Forum Discussion
Azure Virtual Desktop - Black Screens on logins - What we've tried so far
TLDR - Azure Virtual Desktop Black Screens. Could be 2 Min long, could be much longer. Tried removing stuck profiles, spun up all new VMs to see if that would fix it, finally disabled an application service that was polluting the Event logs constantly with appcrashes. Hoping that maybe the event logs weren't able to keep up so we had a black screen while events caught up. Grasping at straws.
We started getting reports of black screens when users login to one of our AVD Host Pools. Our users are using FSLogix for profiles, but we've also seen the issue when logging via RDP with a local admin account. We tested and saw similar results where you login, FSLogix Prompt goes by, then to Preparing Windows, then black screen.
- In a normal login, this black screen will last 10-20 seconds before desktop comes available and user can begin their session.
- With this issue, we were seeing black screens that just stayed there until you forced a logout of your account.
We saw some profile issues with the VMs in the pool appearing to be stuck on a VM when it should be removed upon logoff with FSLogix and we saw some stuck local_username FSLogix profiles still in the users folder. Instead of finding the needle in a haystack, we spun up a new group of VMs and put the others in drain mode / excluded.
With the new VMs, logins from RD Client were working fine yesterday afternoon, evening and this AM. But later in the morning, we saw some issues with users getting a black screen lasting 90 sec - 2 min before desktop loaded in. I had it happen to me when logging in, but it seemed to go away once I tried a couple more times. I even directly RDPd into the host that I had the 2 min black screen for me and was able to get in quickly. So issue appears to still be showing, but not as bad.

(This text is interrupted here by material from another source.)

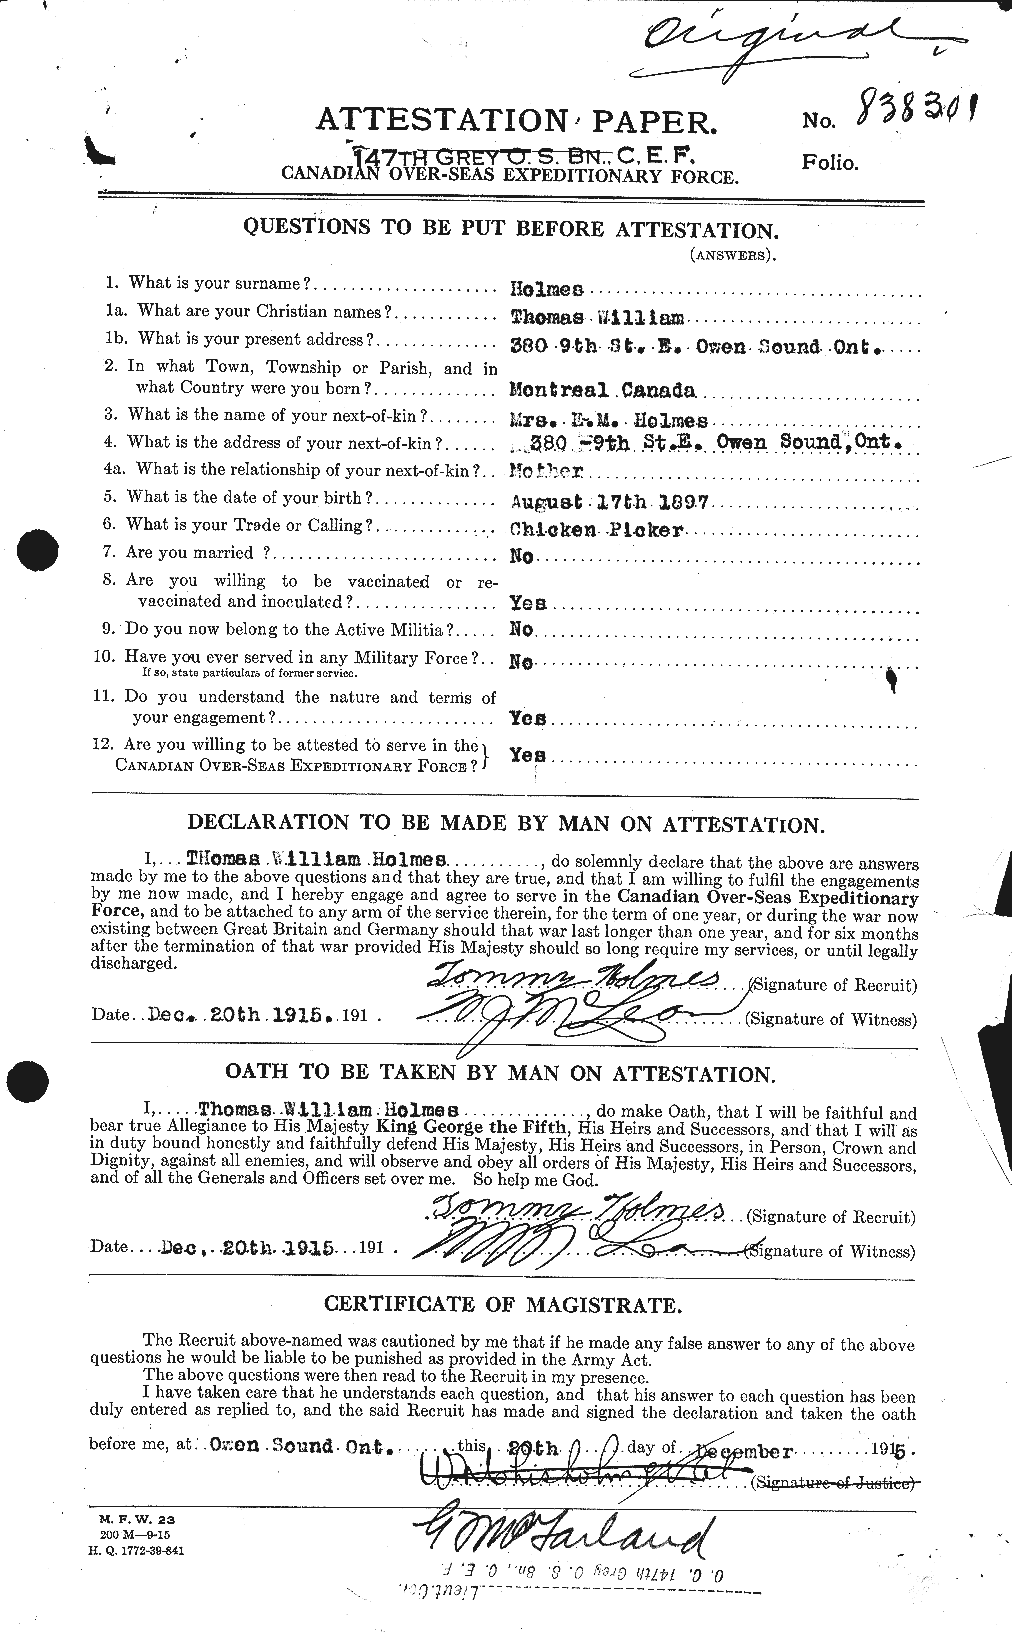 Personnel Records of the First World War - CEF 395715a

We looked in event logs and saw that one particular application - the Aspen Multicase Web service was polluting the service event logs with appcrash errors every few seconds. So we've disabled that application service on all the VMs in the pool and logins have been normal since. We read event logs that were event 4625 (failed login) but the event said event logs couldn't keep up and needed to stop duplicate events...so we were thinking that this service was constantly writing to event logs, could the slow logins happen when the service is trying to run, failing and writing to event logs. the logs wouldn't be able to write the login info.
But every other change we made things seem fine afterward for a while, but then the black screen will come back for at least 90sec - 2 min.
Any suggestions on things we can try / look at that could be causing this?
- paulosilva_PICopper Contributor
Microsoft has advised that the fix will be released in the October patch, meanwhile a KIR (Known Issue Rollback) has been release to fix this Appx Crash issue.
Please download this KIR and follow instructions here.
This will install a new computer Local Group Policy which looks like this,
...which then need to be set as disabled, please reboot and you'll see that the Appx Crash will stop.
This has been the solution from Microsoft to deal with the issue until next windows patch release.
Give it a try and let me know if it works.
- djordan1910Copper Contributor
So far so good... we just updated all the hosts in one of the hostpools. The black screens *seem* to be resolved. I'll update after a full day of usage tomorrow. Thanks for the assist!
- paulcruwysCopper Contributor
djordan1910 interested to hear feedback before we apply and get this headache closed down
- KevHalIron Contributor
Thanks for this, I asked Microsoft support rep for an update and he still said wait until October patches, I then forwarded him this so will see what he says. Guess they don't talk to each other.
All my AVD hostpools have the Appx issue, some pools seem to be getting through it regardless of the appx problem whilst others just crash and burn, I think ts just pot luck whether your pool is affected or not.
I have applied this fix to two of the most affected pools and will see what happens tomorrow, thanks paulosilva_PI - tristian1250Copper ContributorDo you know if there is a similar KIR for Win11 hosts? Dealing with the exact same thing.
- jlou65535Iron Contributor
Look likes Microsoft should fix it soon :
Microsoft has identified a bug affecting Azure Virtual Desktop. Users are now experiencing intermittent black screens for 30 seconds to 3 minutes during sign-in.
This issue is linked to the patch update KB5043064 (OS Builds 19044.4894 and 19045.4894), installed on September 10, 2024
After reviewing application logs, we found that the AppXSvc service is crashing due to an uninitialized m_targetUserSidString in the OSIntegrationManagerHost::Initialize. (event ID 1000)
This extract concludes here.